The 2023 exceptionally late harvest has jammed all three vineyards up against the wall of the end of vine function as the autumn temperatures close the vines down.

Last night, sometime after midnight, I noticed the Australian Bureau of Meteorology began forecasting a major low-pressure system wet-weather event for the next weekend, affecting the Adelaide Hills. The Tiers Chardonnay would be detrimentally affected by heavy rain at its state of advanced maturity. I had a decision to make: harvest Foggy Hill or Tiers, leaving one vineyard at the mercy of the weekend’s weather event?

After hours of agonising, in the pre-dawn hours of this morning, I rang my vineyard manager and arranged for the net removal and picking crews to be at the Tiers Vineyard, instead of Foggy Hill, redirected as they arrive for work. We will harvest the Tiers Chardonnay in dry autumn conditions from tomorrow.

The fate of Foggy Hill Pinot Noir hangs in the balance, but I am hopeful for less rain on the weekend at Foggy Hill at Parawa on the Fleurieu Peninsula; the steep slopes of the vineyard should allow better run off, there will be drying winds from the ocean and Pinot Noir has tougher skins than ripe Chardonnay. That’s my rationale and I am now committed.

The loose-bunch, small-berry Cabernet Sauvignon and Cabernet Franc in Whalebone Vineyard will hang through the rain intact and be harvested next week. The plumper-berried Merlot was harvested today.

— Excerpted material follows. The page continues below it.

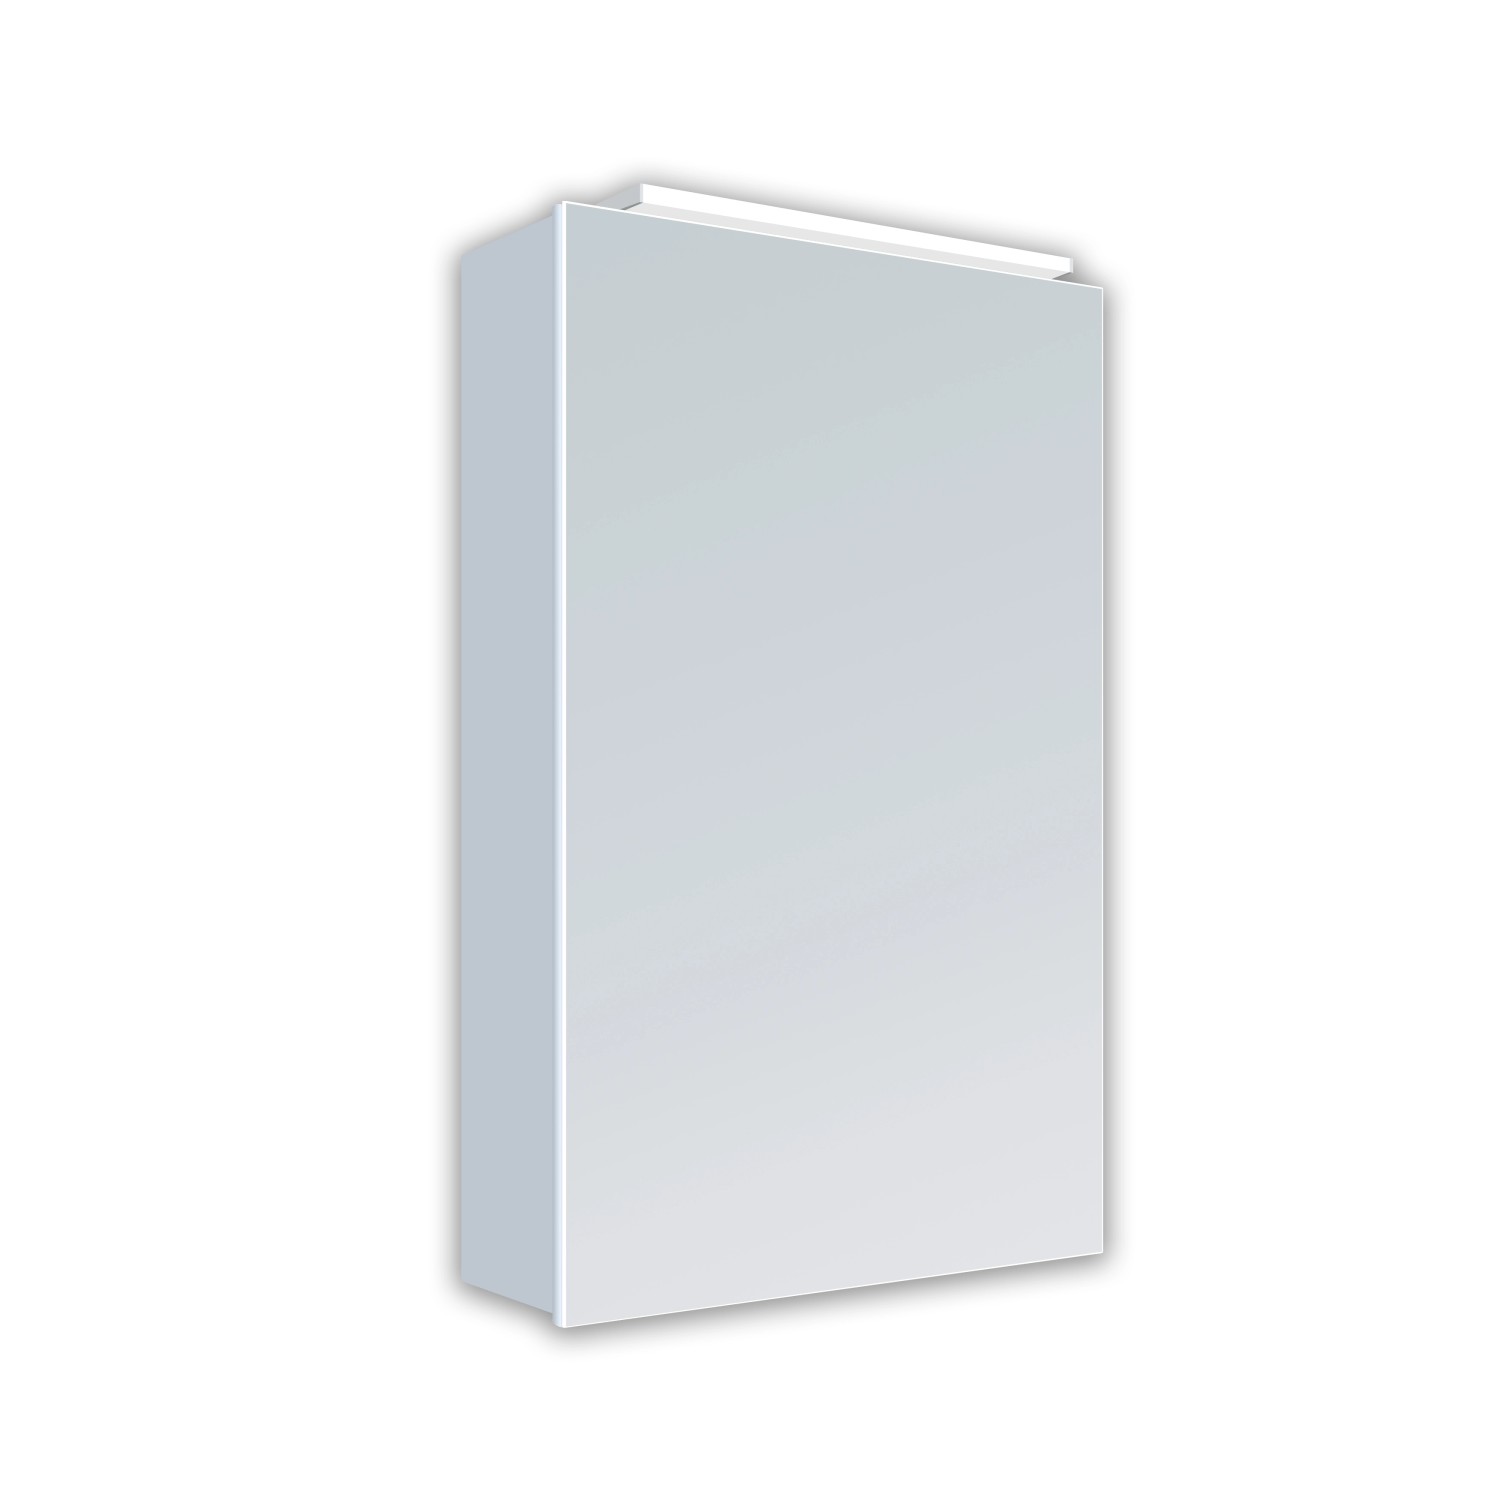 OBI Vegas DSK Aluminio Spiegelschrank cm Alufarben kaufen bei 40

These may seem like first-world problems especially compared with the travails of Australia’s inland grape-growers. The huge, flat drainage basin of inland Australia collected the massive rain from the multiple atmospheric rivers created for the east and north of Australia by the La Niña weather system during the winter and spring of 2022. That water inevitably found its way down the Murray–Darling River system to the irrigation communities of Australia’s Riverina, Sunraysia and Riverland, source of 70% of Australia’s grape crop. Many vineyards were inundated and those that weren’t couldn’t be irrigated because their pumping stations were under water. The disease pressures were also high.

Some estimates of Australia’s 2023 grape harvest are as low as 1.2 million tonnes, 33% below the average of 1.8 million tonnes and the smallest harvest since the 1990s.

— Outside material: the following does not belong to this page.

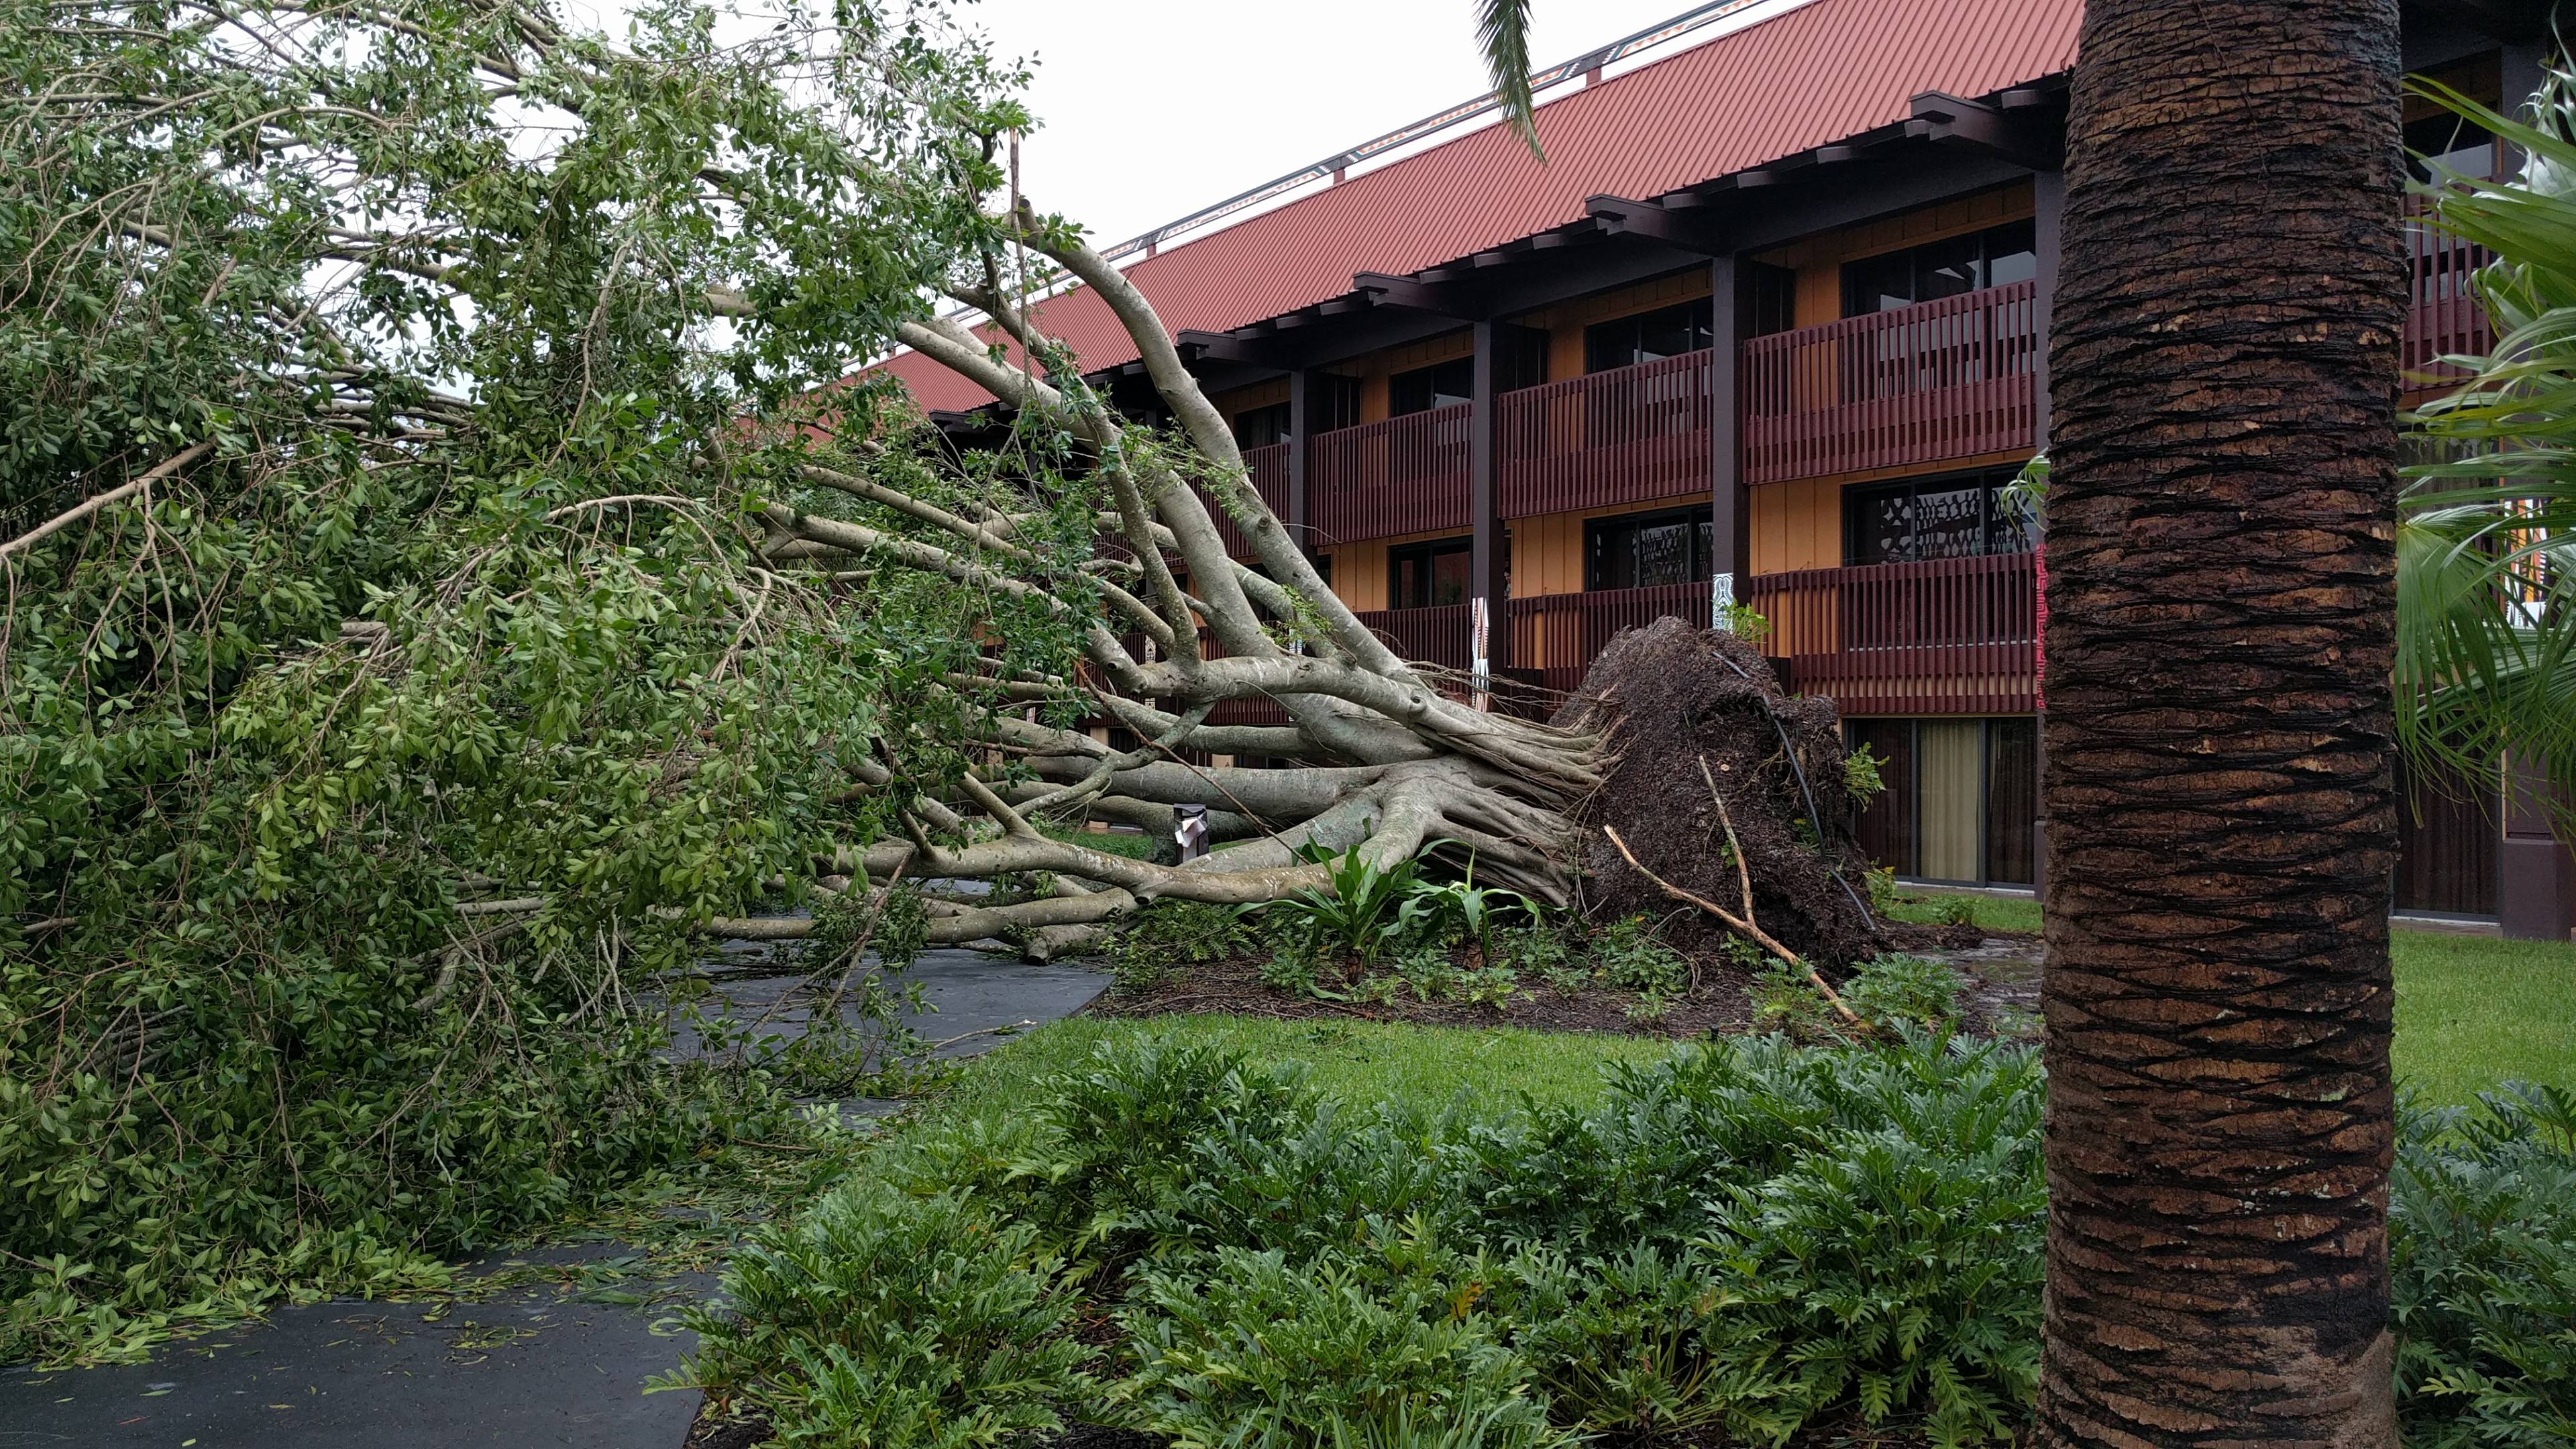 PHOTOS - Hurricane Irma damage at Disney's Polynesian Resort

Today is Thursday the 13th and we are halfway through harvesting the beautiful Chardonnay from the Tiers Vineyard. We will complete the harvest of another of our Piccadilly Valley vineyards, Pat and Ted’s, tomorrow before the predicted rain event on Friday night materialises. Whew!

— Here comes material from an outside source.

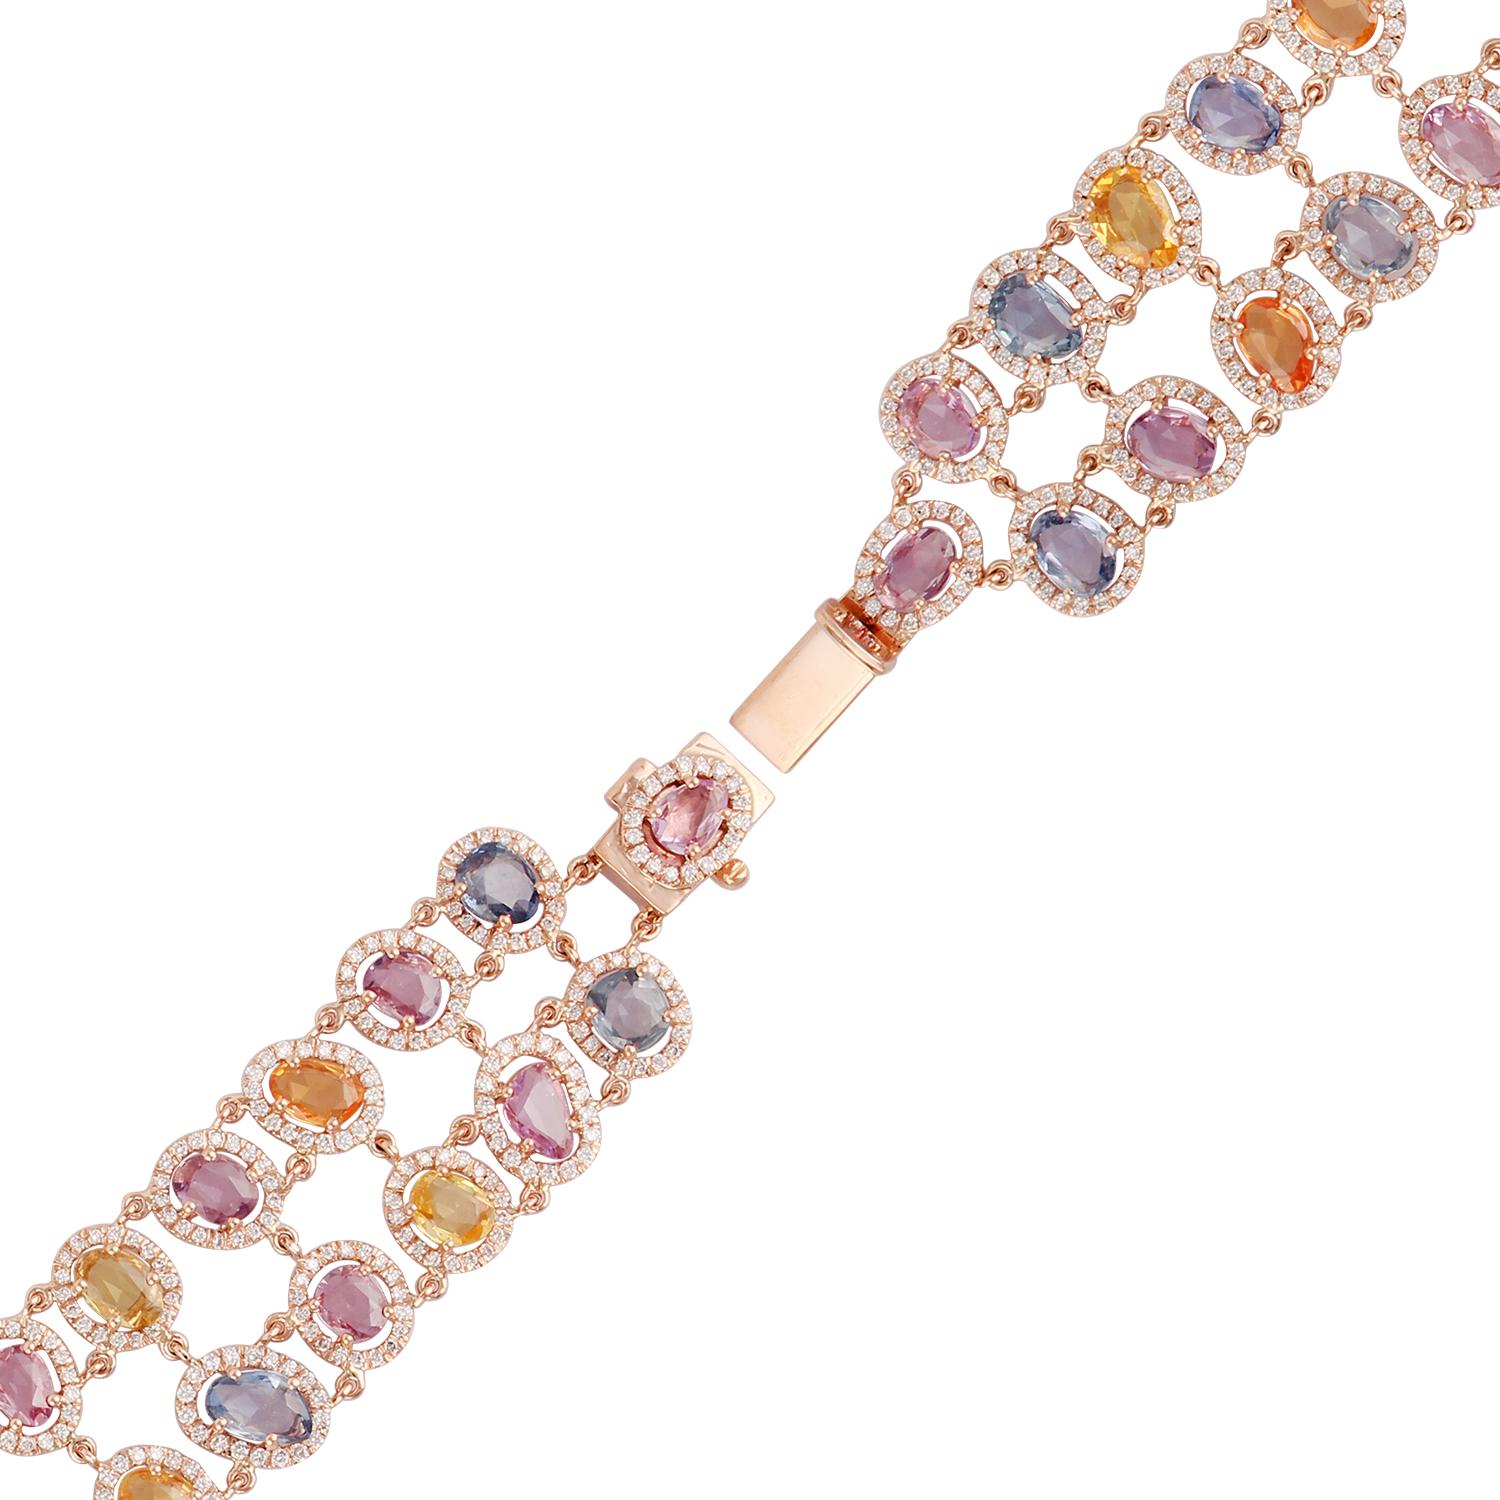 Rose Cut Multicolored Sapphire and Diamond Bracelet Set in 18 Karat Rose Gold

I travelled the 1.5 hours down to Foggy Hill to sample and inspect the Pinot Noir grapes hanging on the exhausted vines. The fruit is in near-perfect condition, begging to be picked. What will it look like after the weekend’s rain event when we start to harvest on Monday?

I am praying it will be resilient, then the gamble I made on the night of the 11th will have paid off.

This is all part of a vigneron’s life. Never the same, never boring, always providing a story to tell as part of the final wine in the bottle.